Au pied d’appontements de bois, les fouilles archéologiques de la place Jules Verne à Marseille, ont livré un grand nombre de squelettes de thons en connexion anatomique, retrouvés in situ (figure 3). Datée du III e s. cette découverte fait écho au texte d’Oppien. D’autres données archéo- ichtyofauniques, issues de nombreux prélèvements échantillonnés dans les niveaux du port antique, sont datées du VI e s. av. J.-C au IV e s. ap., et ont montré que d’autres espèces, plus petites et plus sensibles aux usures du temps, étaient également pêchées, constituant généralement d’importants rendements.

Protohistoire de la pêche : le temps long et l’évènementiel

Du V e s. av. J.-C. au II e s. : six siècles de pêche à Lattes (Hérault)

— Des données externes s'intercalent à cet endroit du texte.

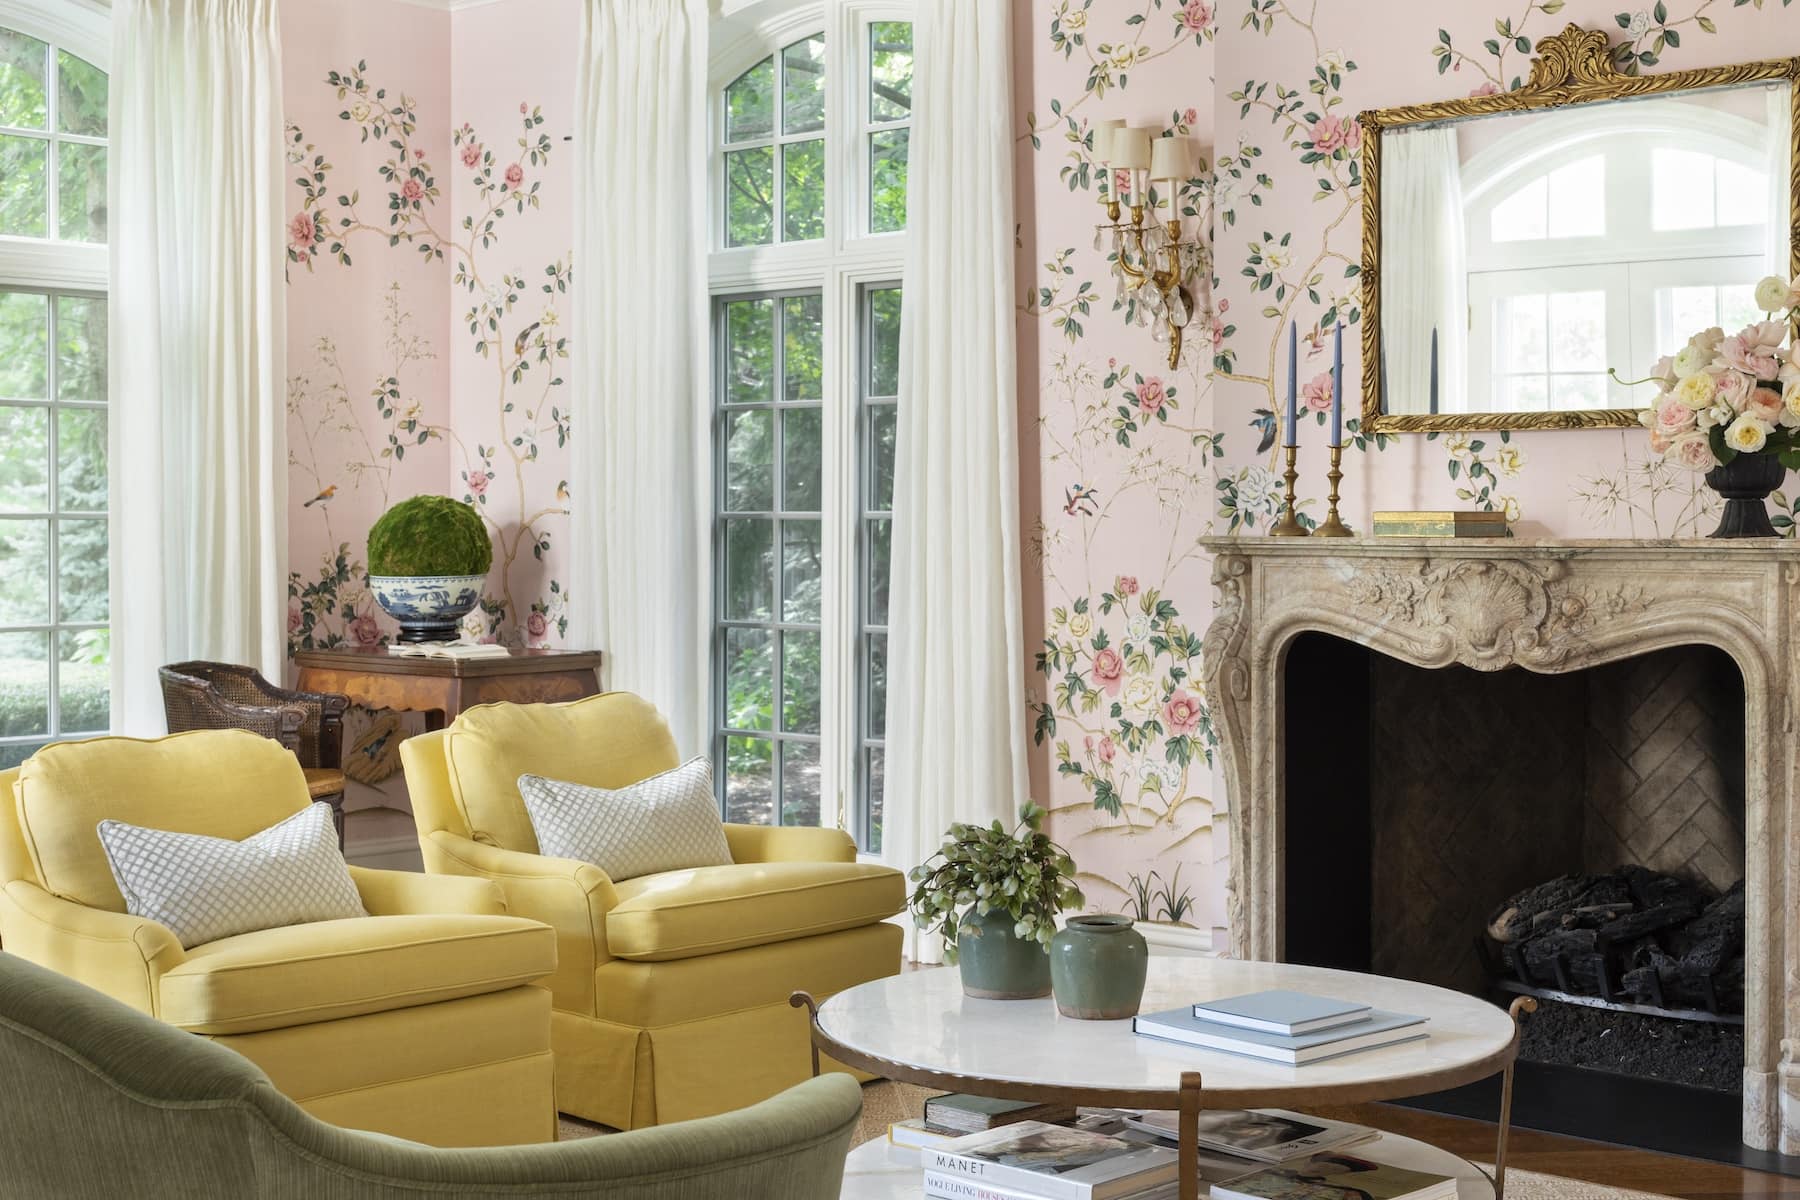 Fresh young design with romantic living room by Alexandra Kaehler.

Contrastant avec la stabilité observée dans l’élevage et la chasse, la pêche apparaît comme un secteur sensible aux variations et aux rendements de plus en plus forts, entre le V e s. av. J-C et le II e s (figure 2). On observe trois phases principales d’activité halieutique. Un premier système est fondé sur l’exploitation exclusive d’espèces de lagune. Il est en place dès le V e s. av.

J.-C. et dure jusqu’au II e s. av. J.-C. D’abord concentré sur les captures d’anguilles (V e s. av. J.-C.), il exploite ensuite, du IV e s. au II e s. av. J.-C., majoritairement les daurades royales et les loups (groupe 1), associés aux muges et à des petits sparidés (groupe 2). Entre le I er s. av. J.-C. et le I er s. ap.

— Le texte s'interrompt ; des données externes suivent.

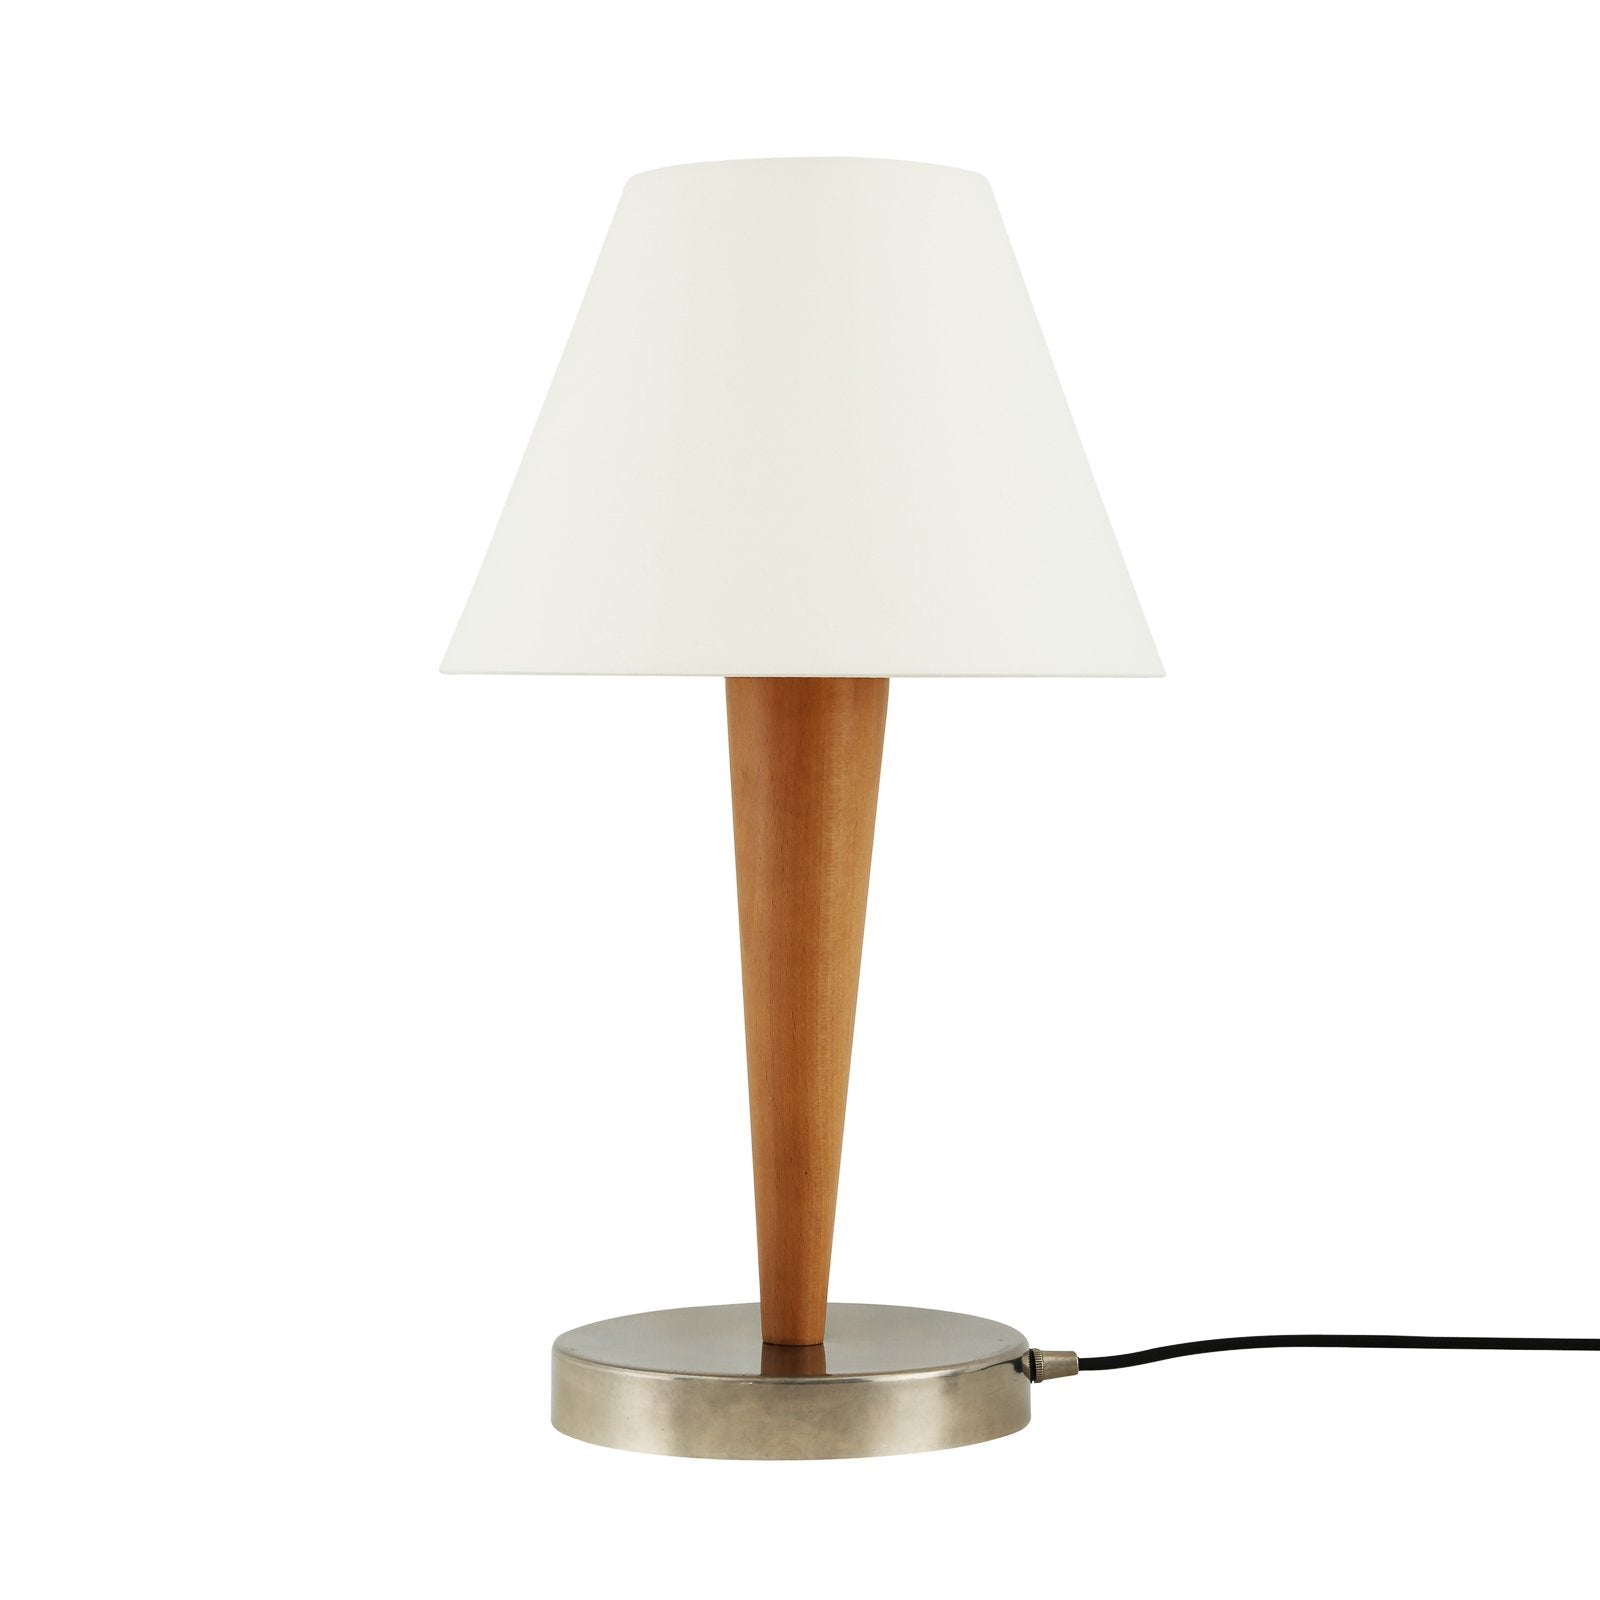 Perth Table Lamp - Table Lamps from RETROLIGHT. Made by Mullan Lighting.

J.-C., deuxième phase d’activité, la pêche exploite à nouveau principalement l’anguille. La dernière phase étudiée voit l’apparition d’une pêche aux petits migrateurs pélagiques (peut-être en pleine mer ?), tels que les maquereaux, sardines, anchois (groupe 3) qui s’amplifie jusqu’au II e s. À côté de ce nouveau type de pêche, la pêche lagunaire perdure, mais devient secondaire par rapport à la pêche aux petits migrateurs qui la dépasse nettement en rendement (figures 2 et 19). Les techniques ont-elles parallèlement évoluées  ? Seul constat archéologique sur les techniques: on trouve davantage de plombs de filets, de navettes et d’hameçons de tailles plus diversifiées. Il semble donc que les techniques de pêche se seraient modifiées. En étudiant les écrits encyclopédiques du XV e au XVIII e s. de G.

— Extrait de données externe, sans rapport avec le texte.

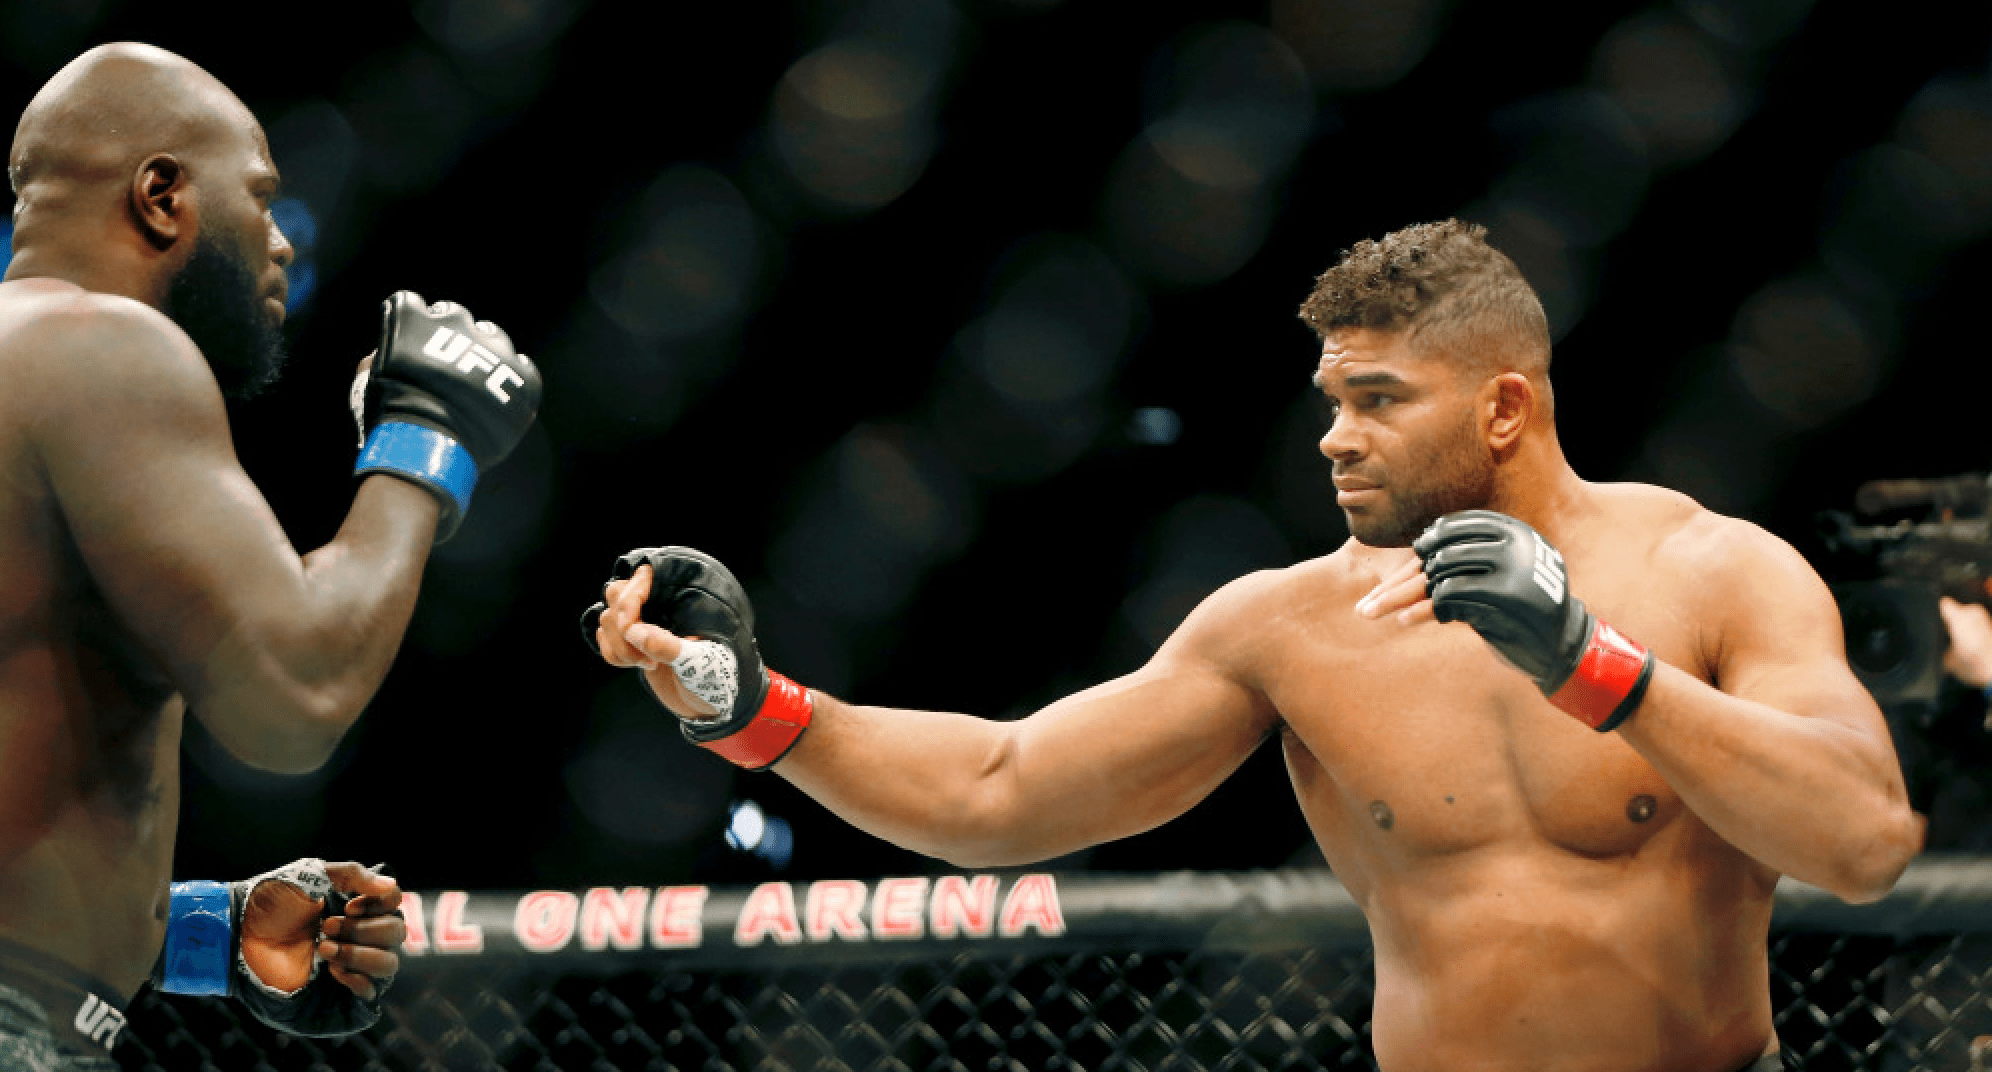 Alistair Overeem Targets UFC Heavyweight Title Before Retirement

Rondelet, P. Gourret, Duhamel du Monceau… on constate une telle variabilité de combinaisons possibles dans l’utilisation de ces éléments en fonction des fonds exploités et/ou des espèces recherchées, qu’il est impossible, à partir des éléments isolés de reconstituer une/des technique(s) précise(s).

Des traces d’une grande pêche au thon à Marseille (B-d-R) au III e /IV e s. 

Les phases anciennes de la colonie de Marseille (VI e s. et V e s. av. J.-C) ont révélé une variété de choix dans les espèces pêchées  et une pêche côtière adaptée au littoral environnant, relativement proche de celle pratiquée par les autres communautés étudiées pour l’Age du fer. Les hasards des découvertes ont permis de mettre au jour un lot spectaculaire de restes de thons (figure 3) dans des niveaux de sédimentation du port antique datés des III e et IV e s. ap. Ces déchets, qui présentent des traces de découpes le long de l’axe vertébral, ont été retrouvés en connexion anatomique, ce qui indique qu’une fois la chair des thons prélevée, les parties inutilisables pour la consommation ou pour la confection de produits secondaires, étaient rejetées à la mer. On sait par des iconographies plus tardives que ces déchets pouvaient également être brûlés. Cette découverte dans le vieux port de Marseille permet de réaliser à quel point la perte des informations peut-être grande en contextes archéologiques urbains et terrestres. Cette découverte qui fait par ailleurs écho au texte d’Oppien, a permis d’enregistrer des informations sur la taille des thons pêchés, sur leur saison de capture et sur la manière dont ils étaient découpés.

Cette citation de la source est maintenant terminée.